Kondisi dan kemampuan ekonomi yang kian sulit membuat mereka mengambil peran yang sering dinilai "tidak pantas". Mereka rela dipandang rendah di mata masyarakat. Demi sesuap nasi, mereka juga kerap direndahkan oleh pelanggan.
Maraknya warkop pangku di sejumlah daerah mengungkap potret rendahnya kemampuan ekonomi masyarakat yang terlibat, terutama pramusaji. Desakan finansial membuat Kaum Hawa tidak memiliki pilihan. Minimnya lapangan pekerjaan memaksa mereka menjadi seorang pramusaji meski terasa pahit.
3. Pendidikan
Mayoritas pramusaji berada di rentang usia sekolah, yakni setingkat SMP atau SMA. Beberapa di antara mereka belum rampung menyelesaikan pendidikan di bangku SMA akibat desakan ekonomi.
Dengan tingkat pendidikan yang rendah, mereka akan kesulitan bersaing dalam dalam dunia kerja. Menjadi pelayan di Warkop Pangku menjadi pilihan paling mungkin dan mudah bagi mereka.

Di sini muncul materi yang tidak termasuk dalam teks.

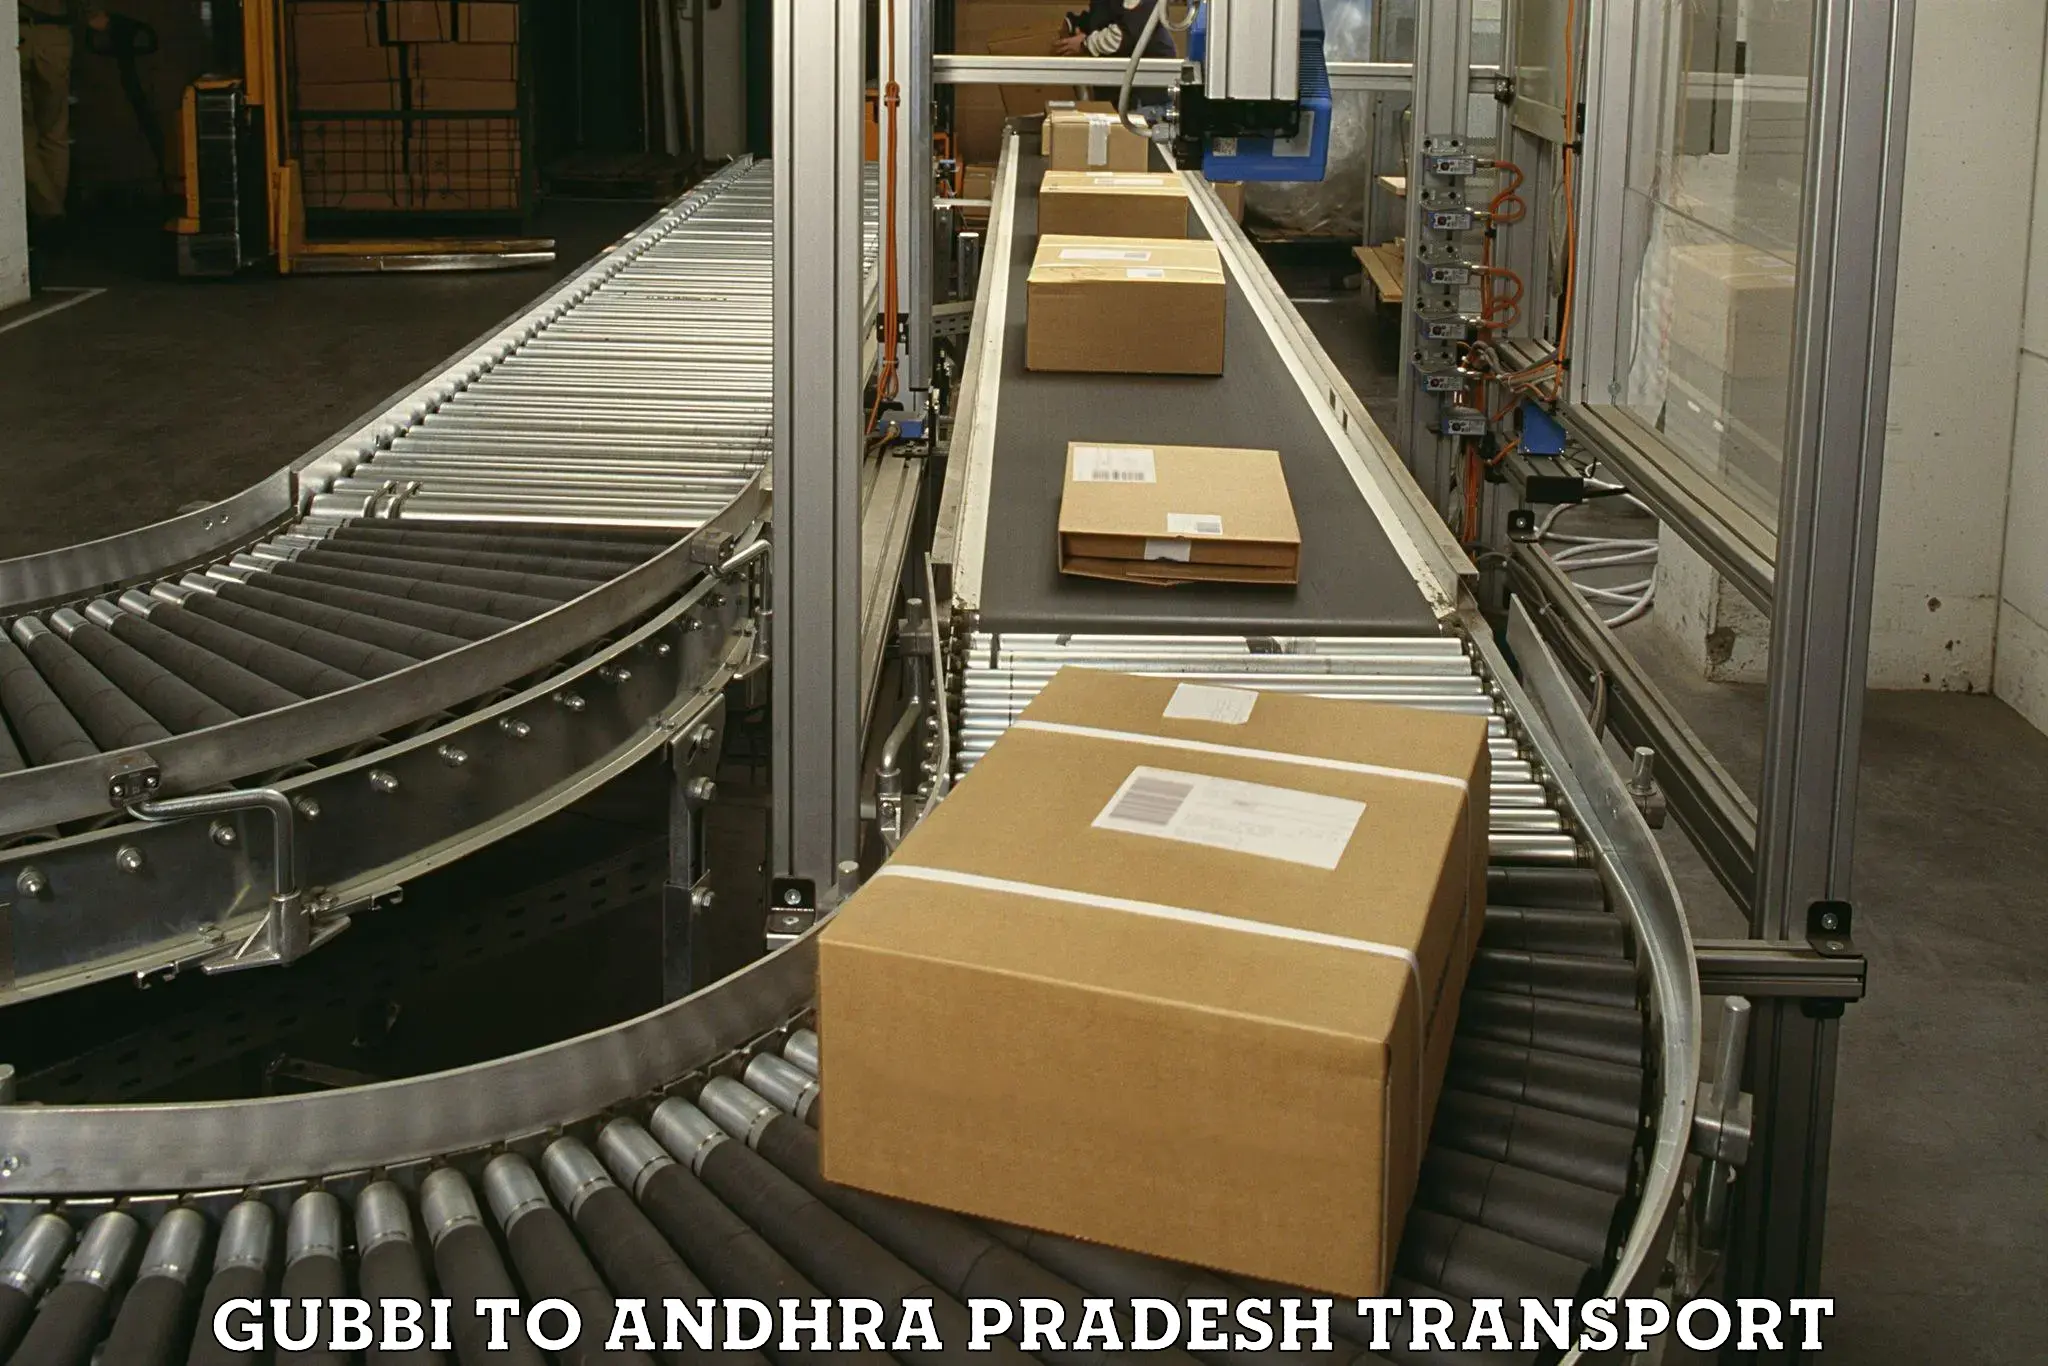 Furniture transport service Gubbi to Puttur Tirupati

Rendahnya tingkat pendidikan memaksa mereka untuk menerima pekerjaan apa saja guna bertahan hidup ataupun untuk membantu perekonomian keluarga.
Penyediaan lapangan pekerjaan baru dan juga peningkatan kuantitas serta kualitas pendidikan masih menjadi pekerja rumah yang besar bagi pemerintah untuk segera dioptimalkan guna menghalau generasi bangsa dari rangkulan aktivitas malam.

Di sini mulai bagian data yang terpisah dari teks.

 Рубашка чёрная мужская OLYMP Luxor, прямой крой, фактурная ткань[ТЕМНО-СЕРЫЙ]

Selama ini penutupan warkop pangku belum mampu menjawab permasalahan dalam masyarakat. Hal itu terbukti dari dibukanya kembali warkop pangku yang sama di tempat lain pasca penutupan.
Adanya pendekatan yang lebih humanis akan jauh lebih efektif. Taruhlah seperti yang dilakukan eks Walikota Surabaya, Tri Rismaharini (Risma), kala menutup kompleks esek-esek terbesar di seluruh Asia Tenggara, Dolly.
Selain menerapkan rehabilitasi, Risma juga memberikan bekal keahlian kerja serta jaminan biaya hidup bagi mantan pekerja seks komersial. Memberikan dukungan secara psikologis juga sangat krusial agar mereka dapat terintegrasi kembali dalam masyarakat dan hal itu menjadi tanggung jawab kita bersama.